In case anyone is interested in any of my past posts, an archive list can be found at the bottom of this page. I'd appreciate any feedback you may have by sending me an e-mail note--jertrav33@aol.com. Thanks for your interest.

Wednesday, June 7

Oxygen & Tv Westerns

In one or two days I’ll get my order from Inogen, a small in-home oxygen concentrator and a battery-operated portable.  The in-home unit will replace the larger (and louder) unit we’re now renting and the portable will free me from that awkward tank that I’ve been pulling around like a dog out for his constitutional.  The portable will allow me more freedom away from home, even an extended automobile trip if we want to visit our Kentucky daughter and don’t want to fly.  The unit can be plugged into the car for oxygen use while it recharges the battery.  Can’t wait.  More on cats and oxygen hoses.  Tiger or Tuffy did it again last night, chewed a hole in the line that leaked about 90% of what should have been coming to me in bed.  So I again looked up cat repellent and found bottles of bitter apple spray or rub-on.  Supposedly, dogs and cats can’t stand it.  We’ll see.  I also found out that my advanced age and oxygen dependence has altered the makeup of my blood such that 82˚ now feels the same as 75˚ felt only a few years ago.  We now keep our AC set at 82˚and it feels just fine.

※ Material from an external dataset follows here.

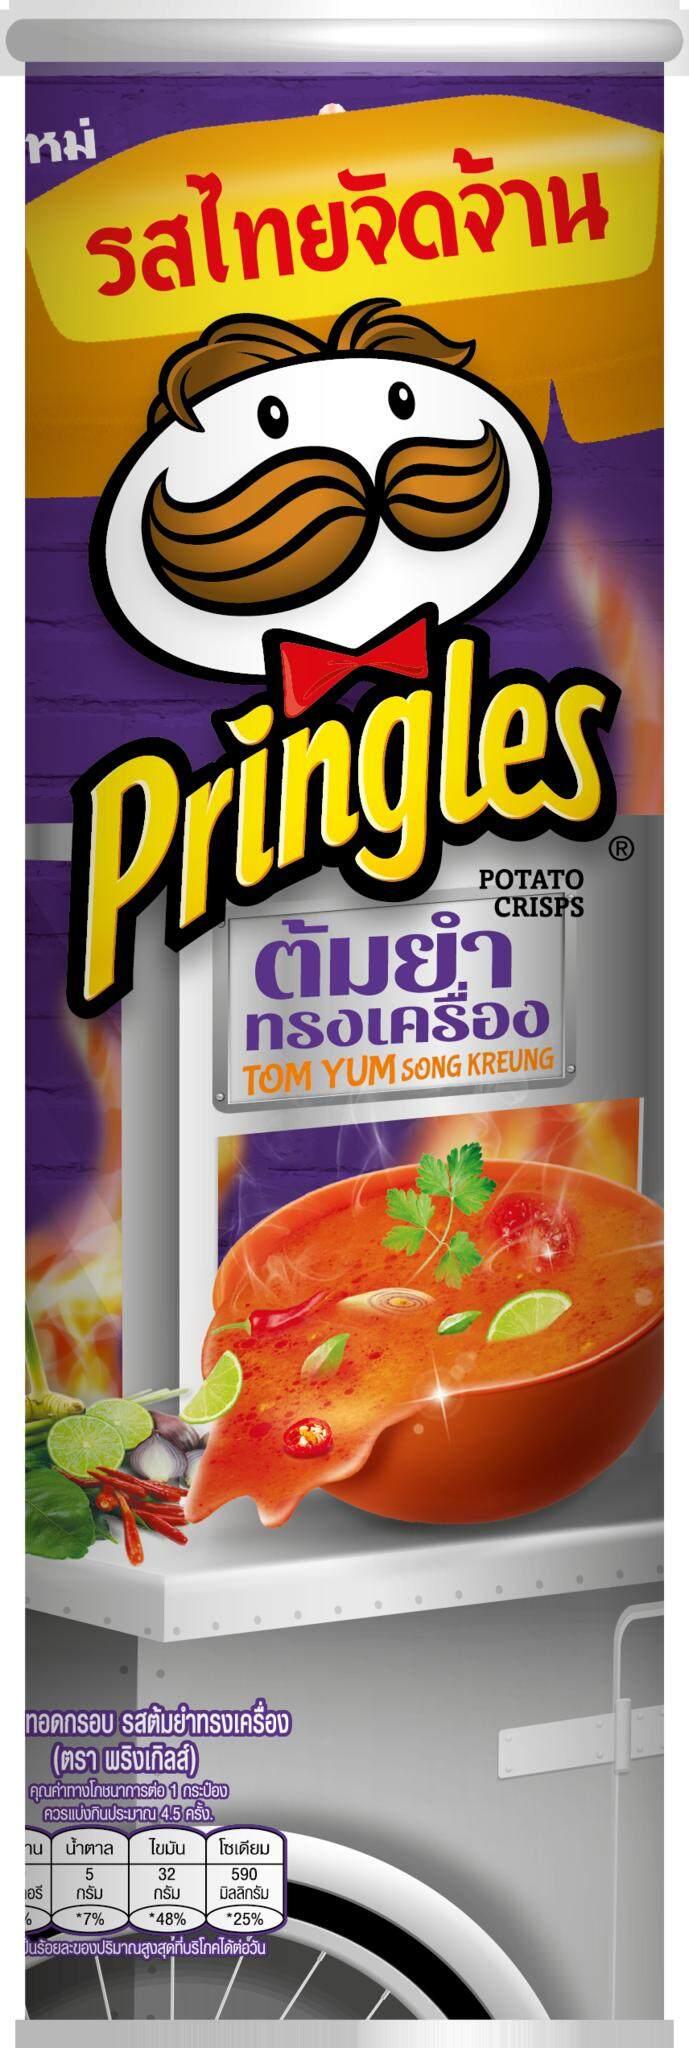 Pringles Potato Chips Tom Yam 107g (New Flavor)

Where are the television Westerns of yesteryear?  I long for a Gunsmoke, Rawhide, Bonanza, or Maverick.  I miss Miss Kitty, Matt, and gimpy Chester; miss Rowdy, Gil, and Wishbone; miss the Cartwrights (Ben, Hoss, Little Joe, and Adam); and, of course, miss the Maverick brothers Bret and Bart.  Were these shows really as good as I remember or have I simply romanticized them?  I don’t know.  There used to be a bunch of hour and half-hour Westerns in the Fifties and Sixties, but they weren’t nearly as good as the four mentioned above: to name only a few,  Have Gun Will Travel, The Rifleman, The Wild Wild West, The Lone Ranger, and Bat Masterson.  I’ll take the few Western movies still being made, like The Hateful Eight, Django Unchained, Jane Got a Gun, and The Revenant, but I’d sure like to see a good Western series.